### COLLECTED DATA:
——

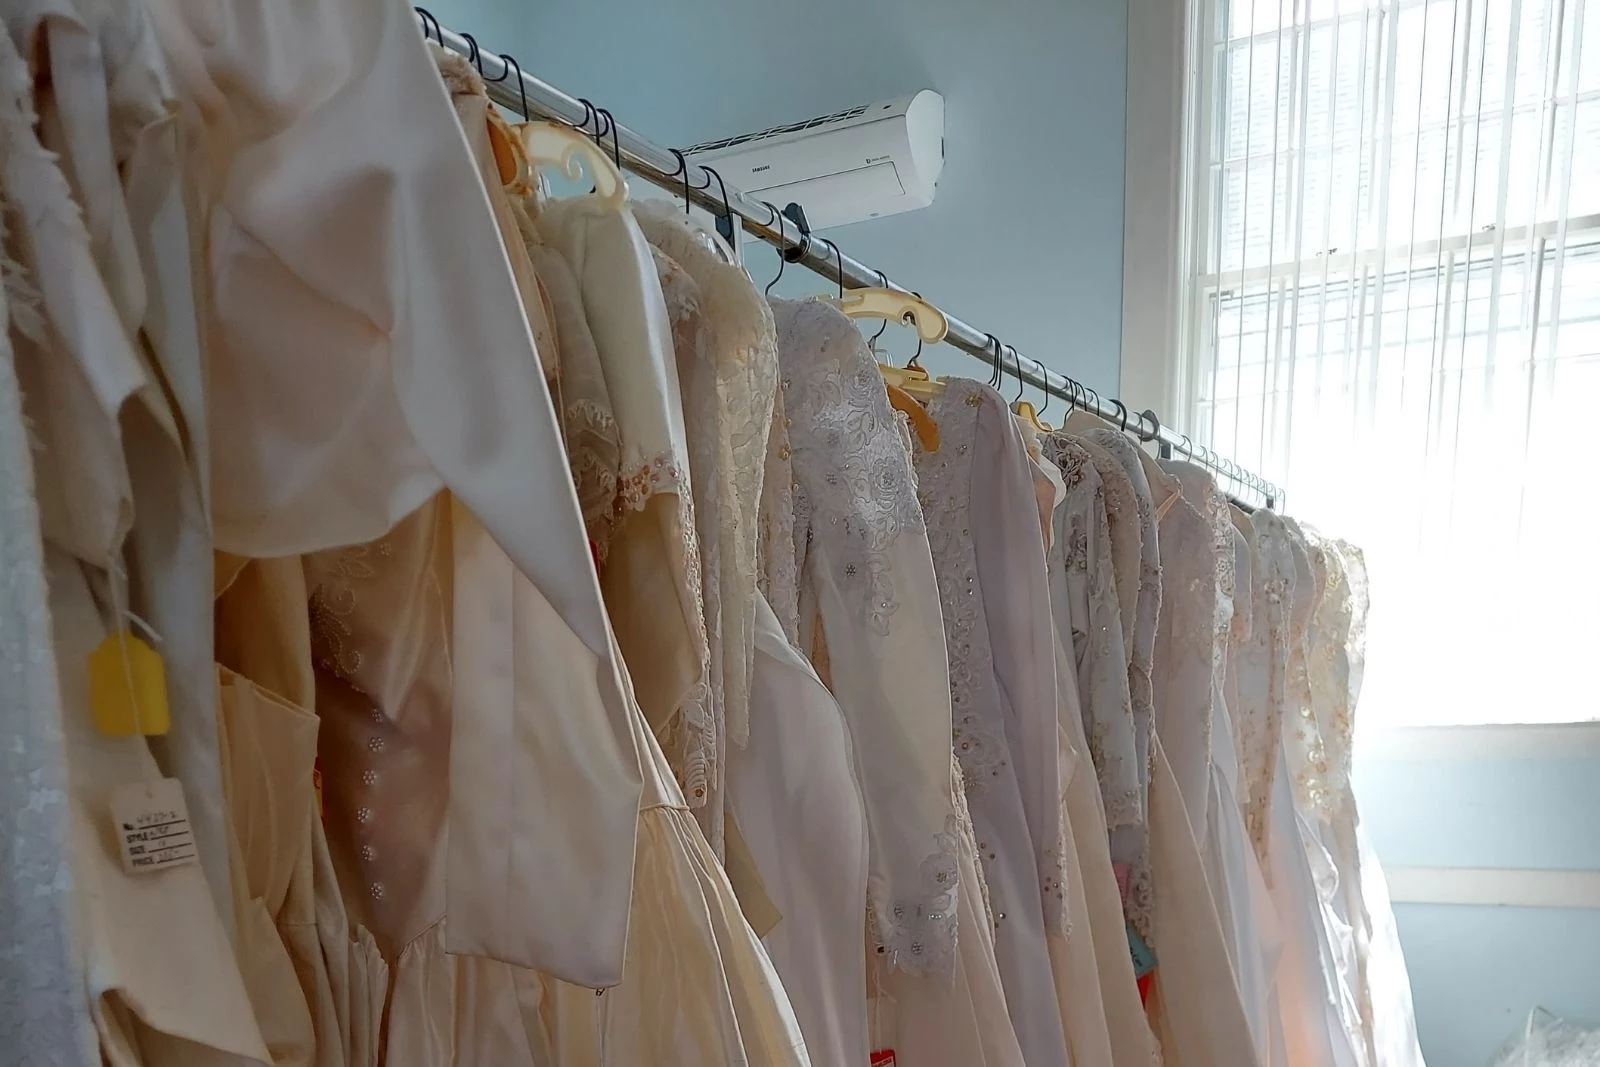 Bridgewater Miss Louise Prom Closet: Dresses rented at discount prices
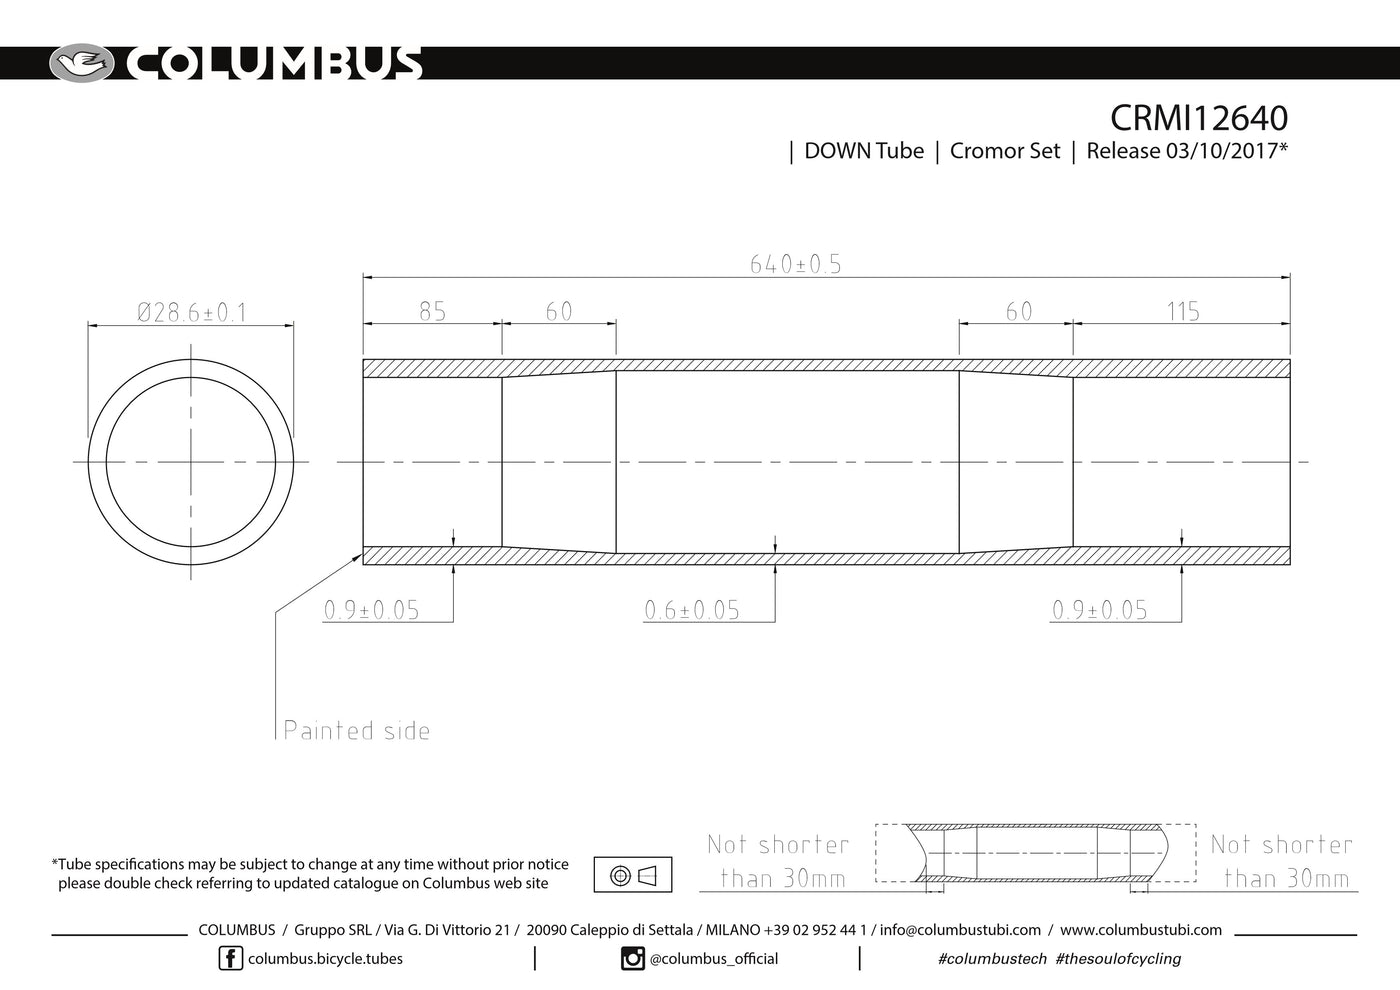 CRMI12640  Columbus Tubing Cromor down tube - 28.6 diameter - .9/.6/.9 wall thickness. Length = 640
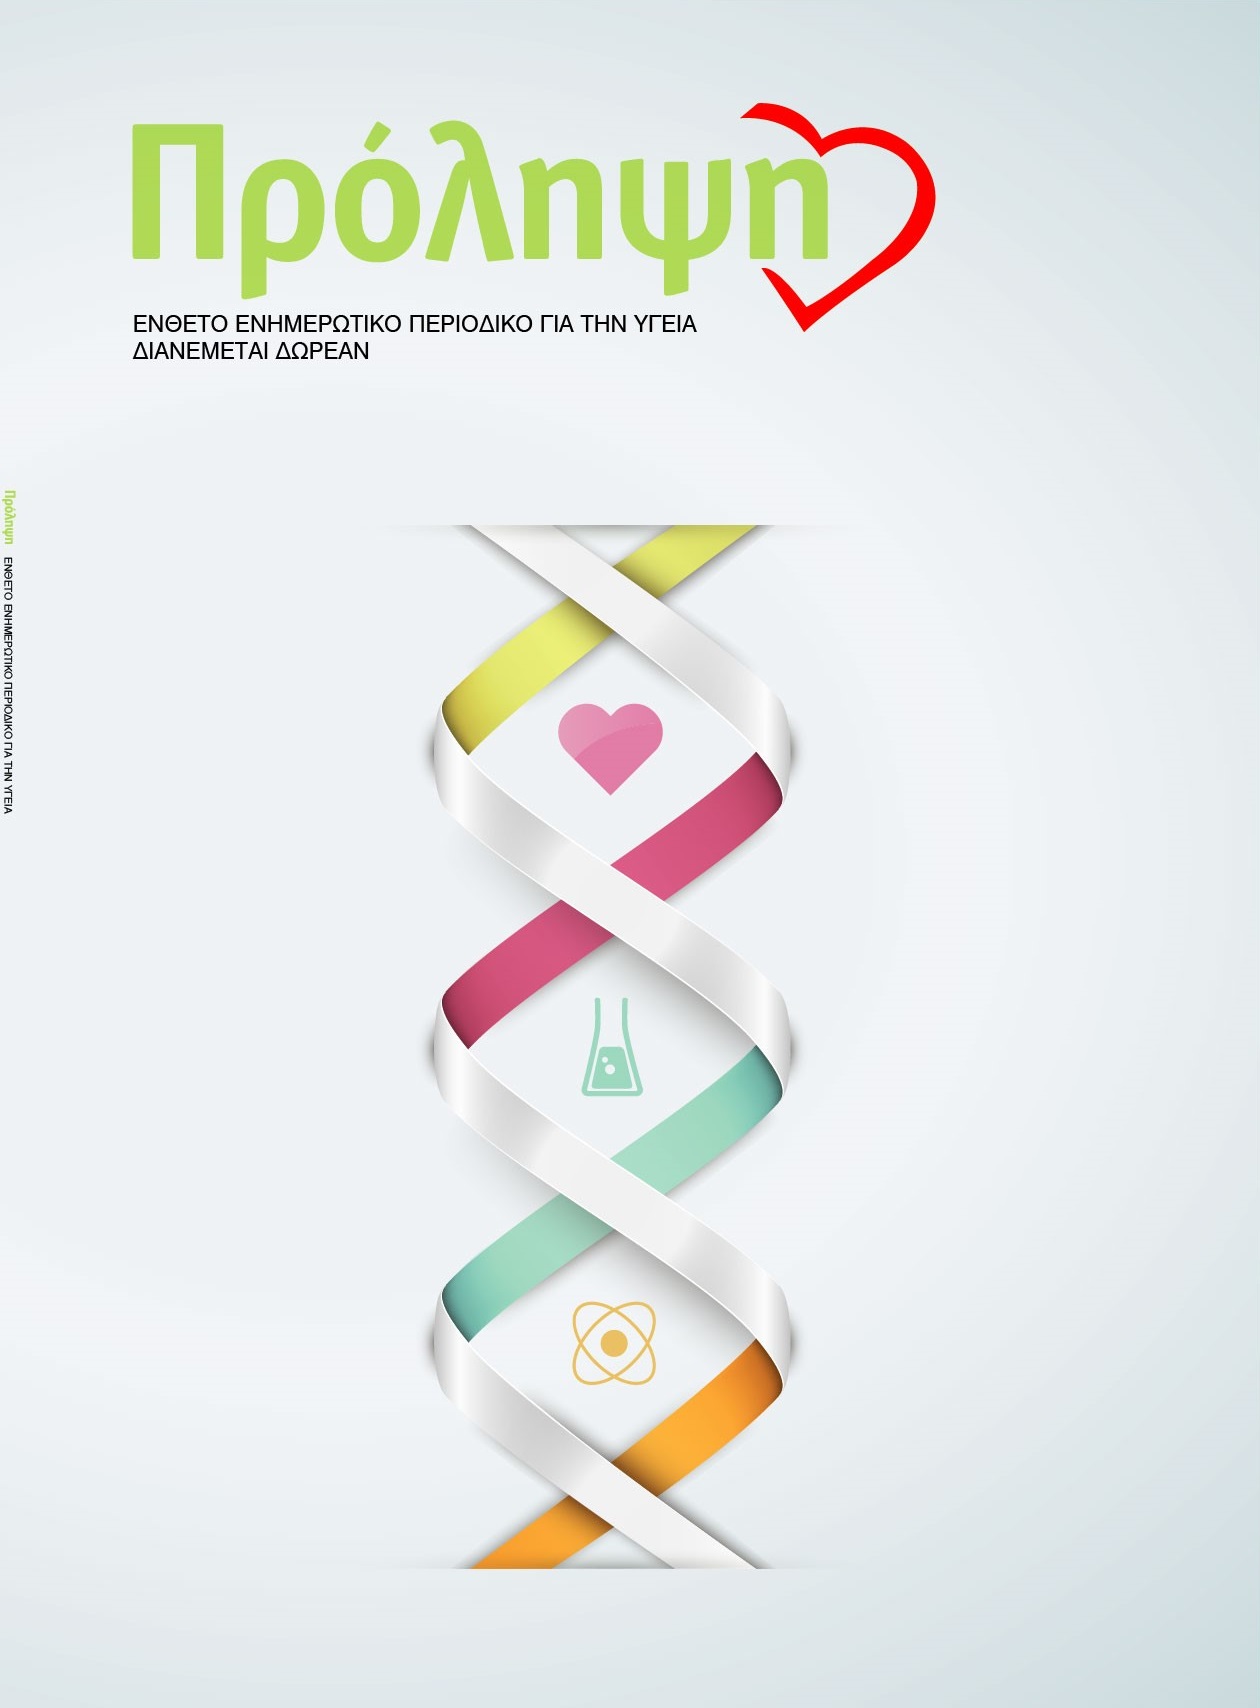 prevention magazine logo

——

### PROBLEM DESCRIPTION:
Lines from the one containing "Length = 640" through the end of the material above must be reproduced exactly; pictures must not be.

### ANSWER FOR THIS EXERCISE:
 CRMI12640  Columbus Tubing Cromor down tube - 28.6 diameter - .9/.6/.9 wall thickness. Length = 640
 prevention magazine logo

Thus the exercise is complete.